→ **EXERCISE BRIEF**
Practice item. Set the material below down again exactly, with no pictures.

→ **DATA BLOCK**
- Opening Delimiter -

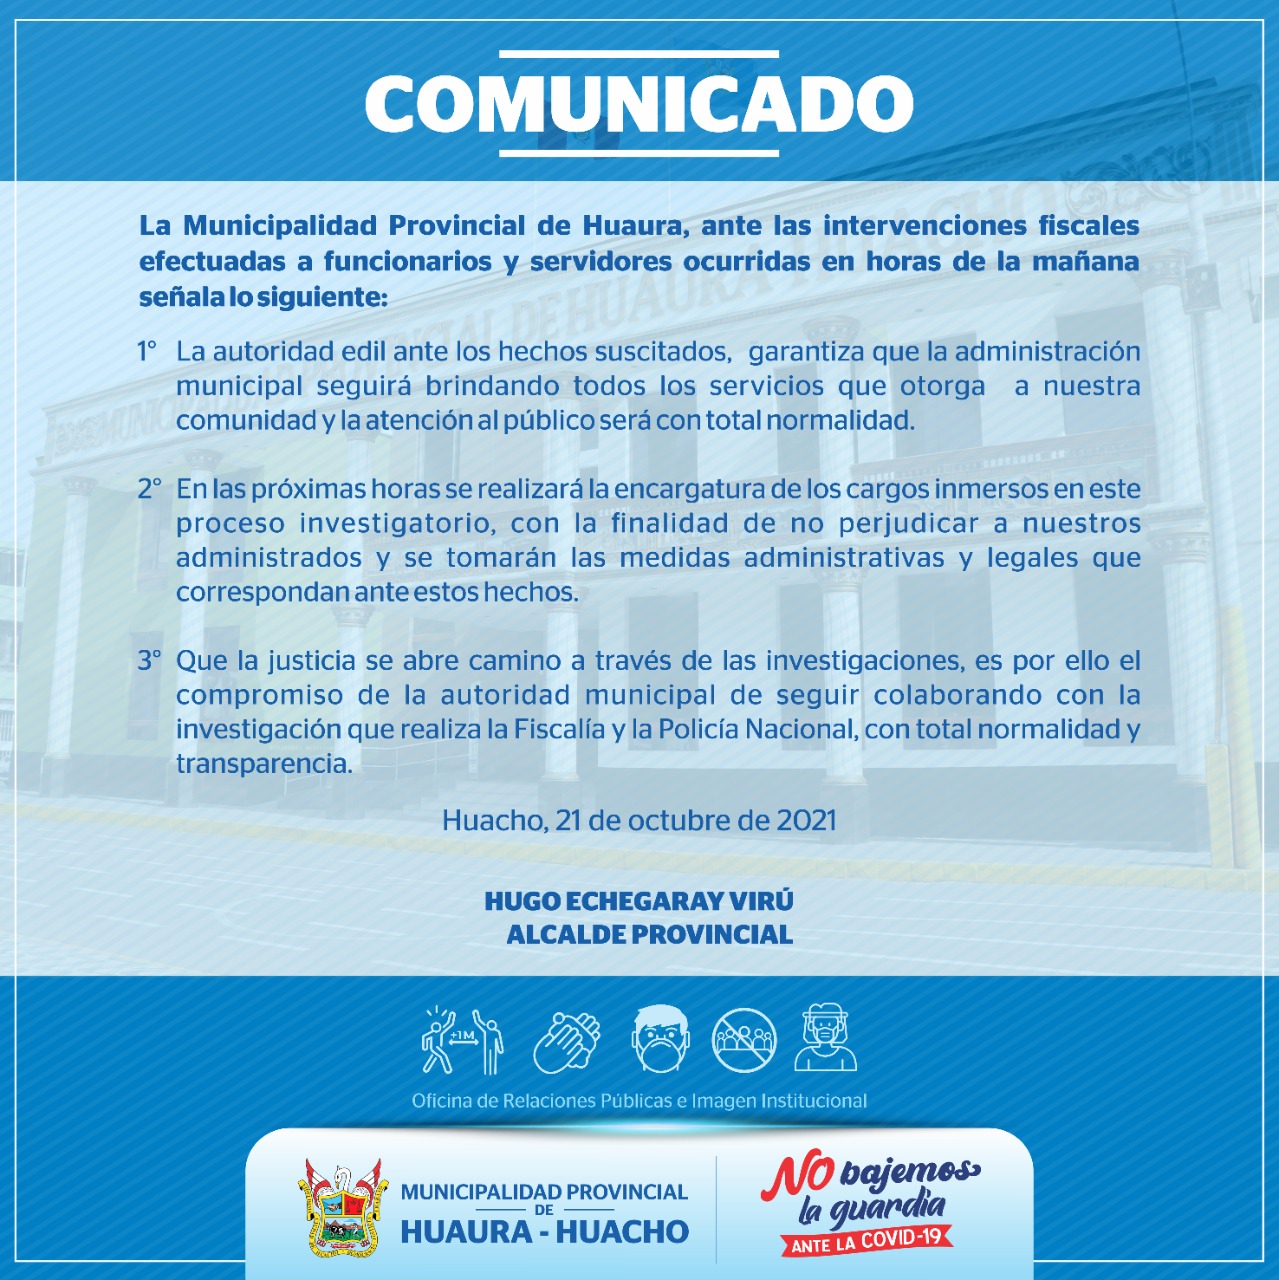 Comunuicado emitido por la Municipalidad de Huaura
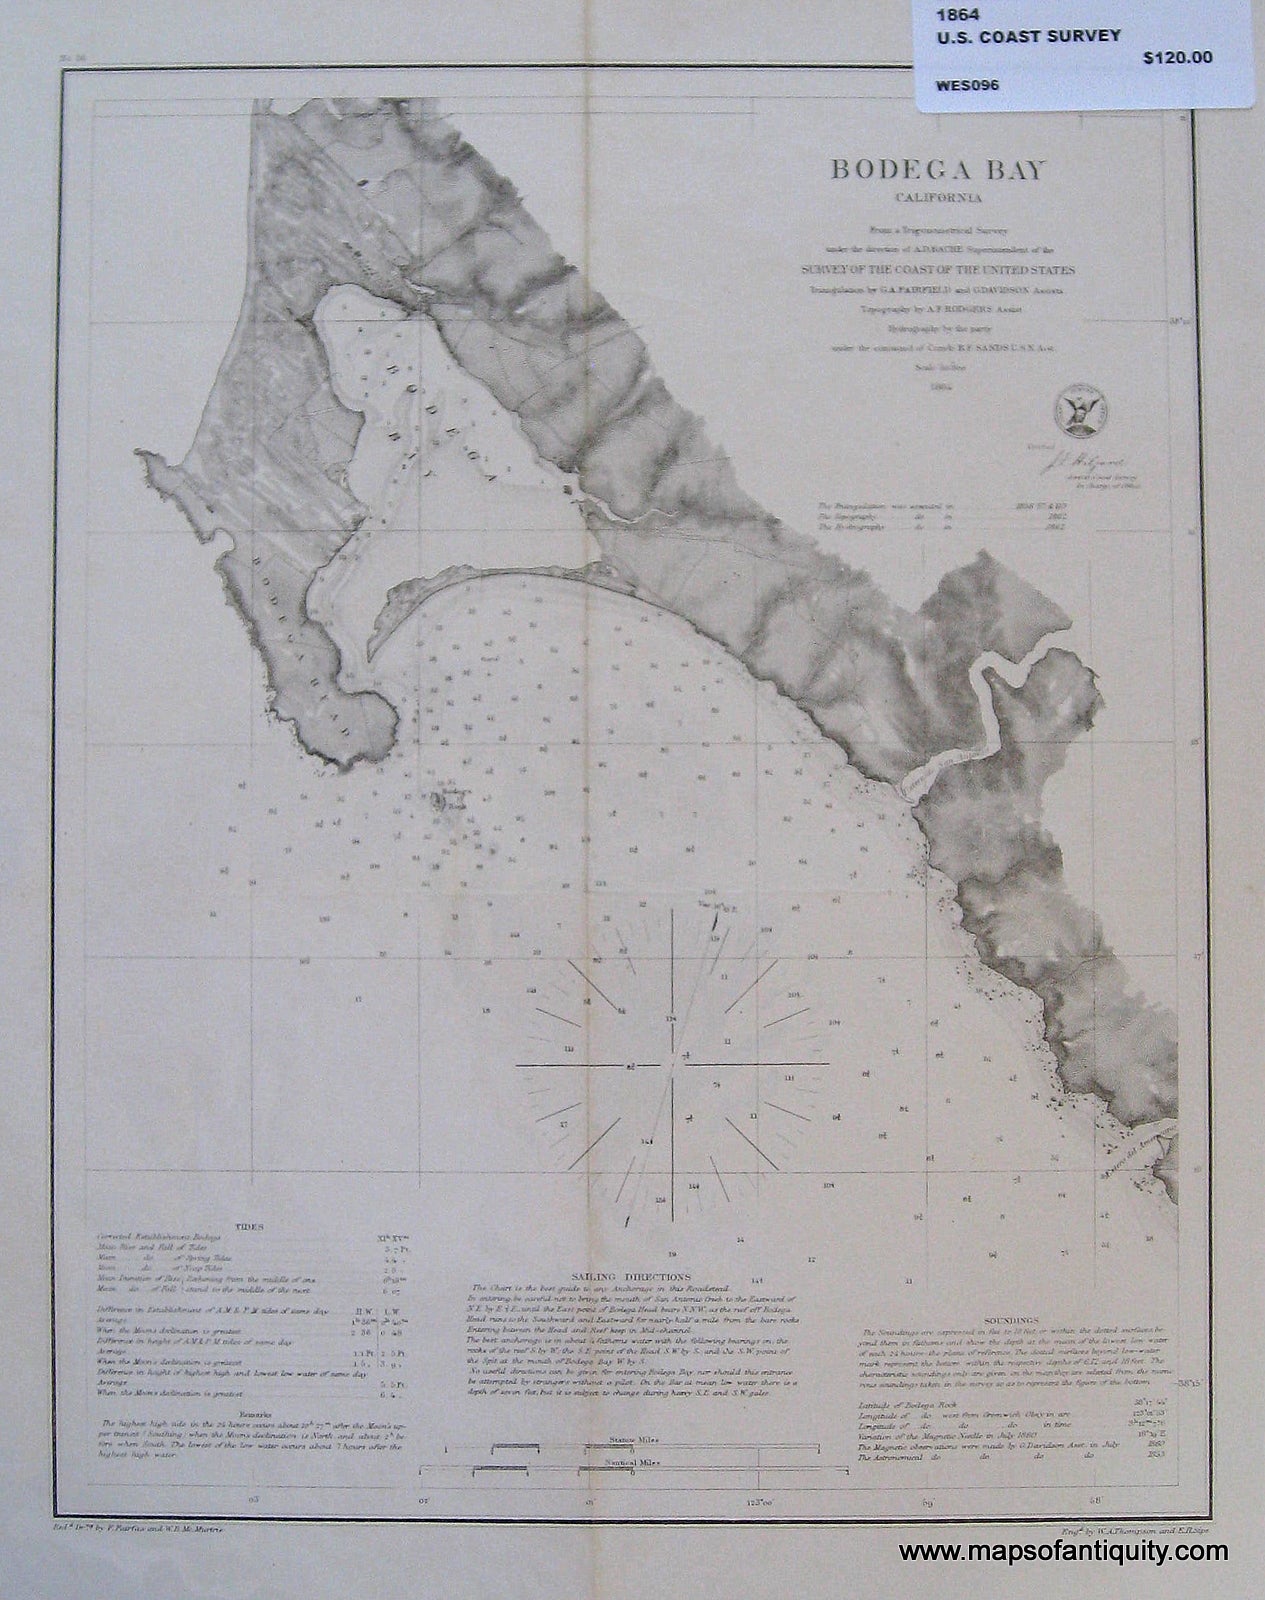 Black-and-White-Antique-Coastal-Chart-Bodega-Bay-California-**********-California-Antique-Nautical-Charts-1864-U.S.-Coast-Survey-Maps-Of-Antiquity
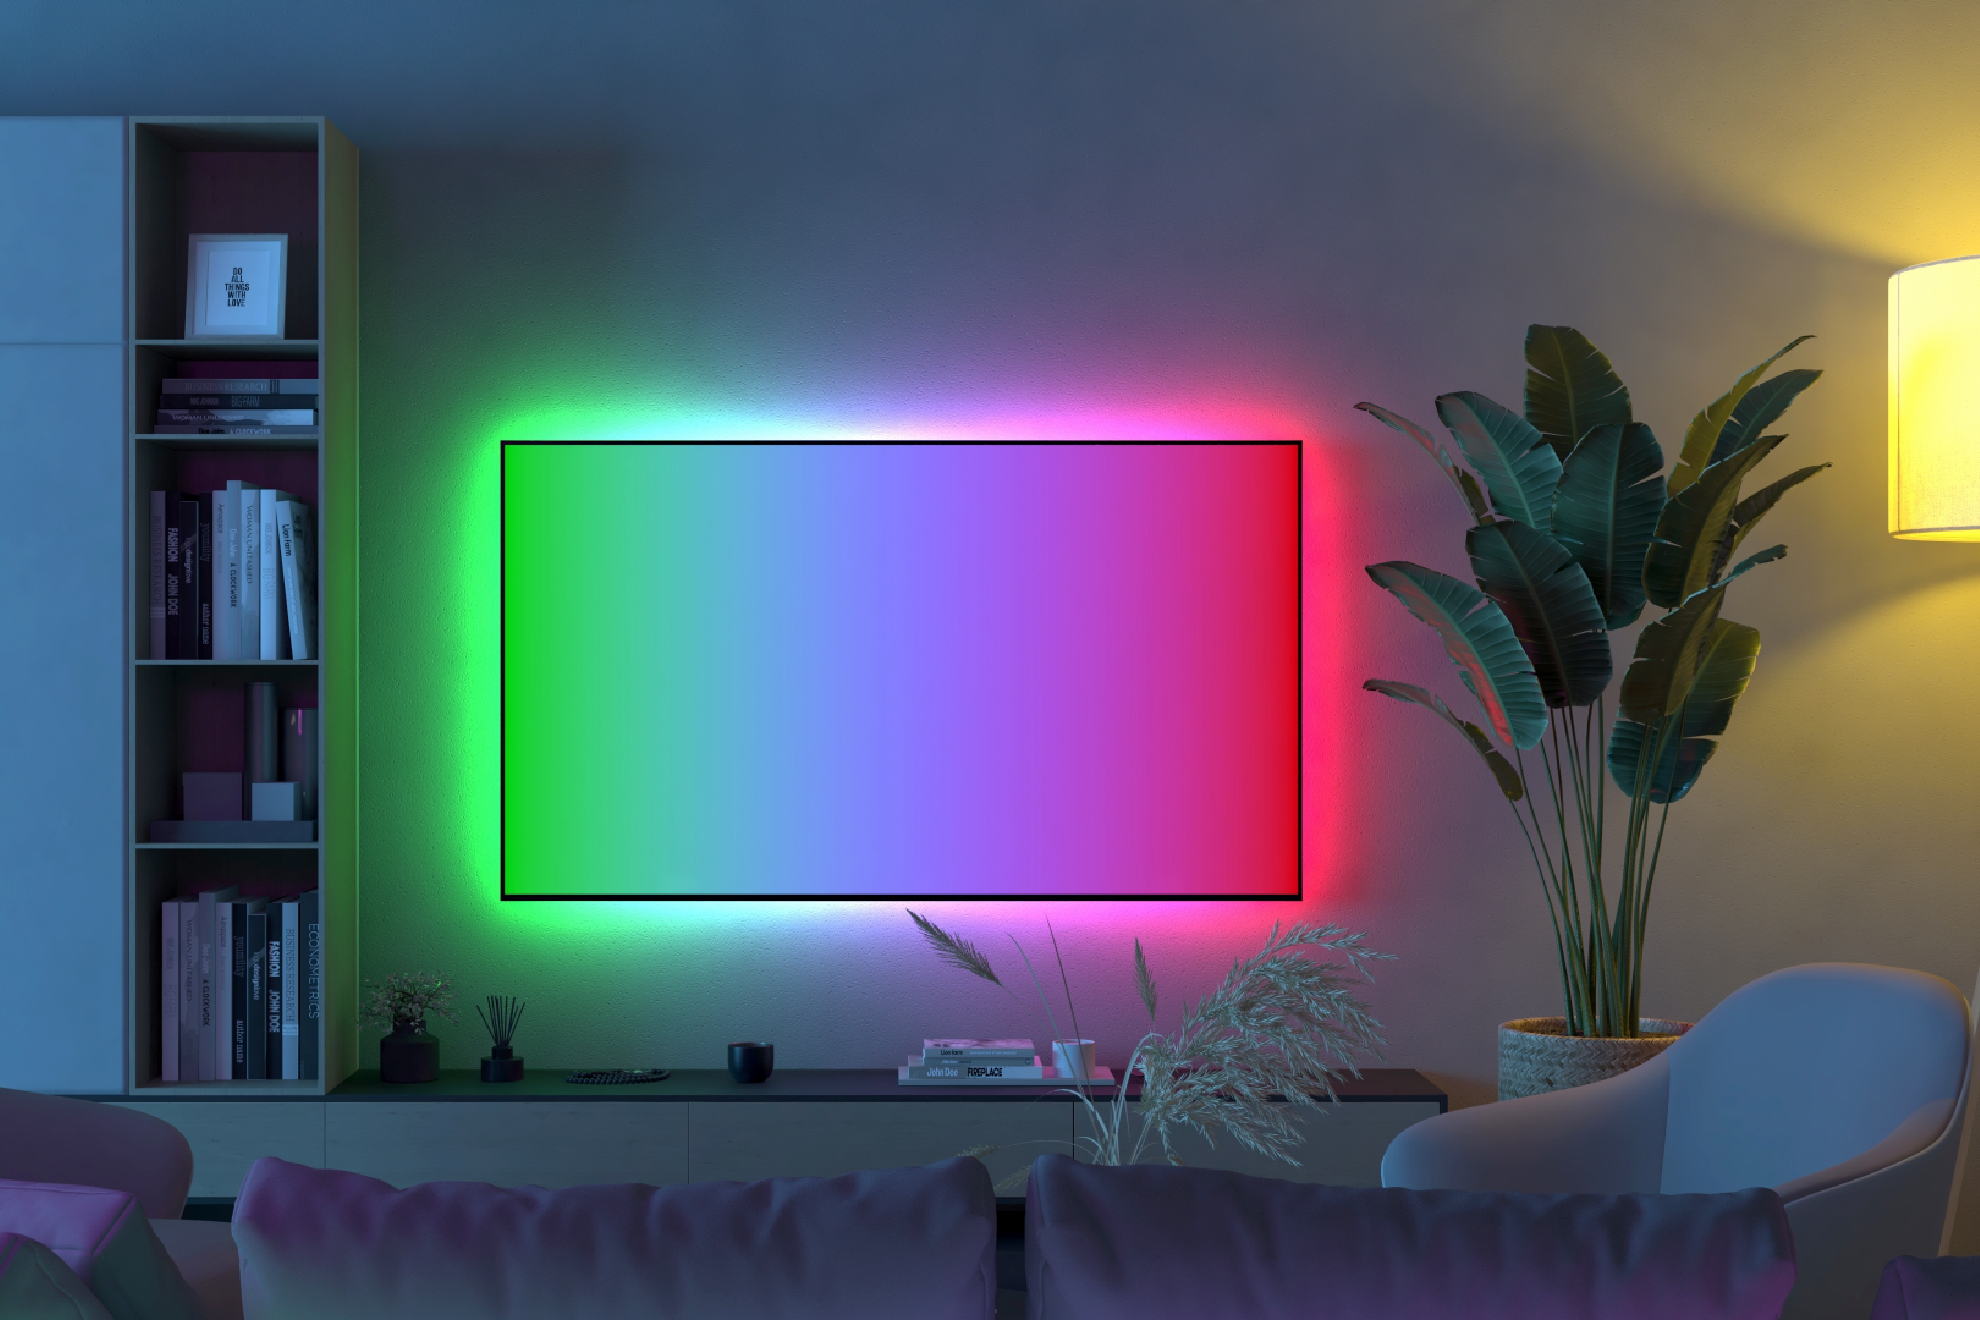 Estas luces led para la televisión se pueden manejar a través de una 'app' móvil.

- Closing Delimiter -

→ **ANSWER TO THE EXERCISE**
 Comunuicado emitido por la Municipalidad de Huaura
 Black-and-White-Antique-Coastal-Chart-Bodega-Bay-California-**********-California-Antique-Nautical-Charts-1864-U.S.-Coast-Survey-Maps-Of-Antiquity
 Estas luces led para la televisión se pueden manejar a través de una 'app' móvil.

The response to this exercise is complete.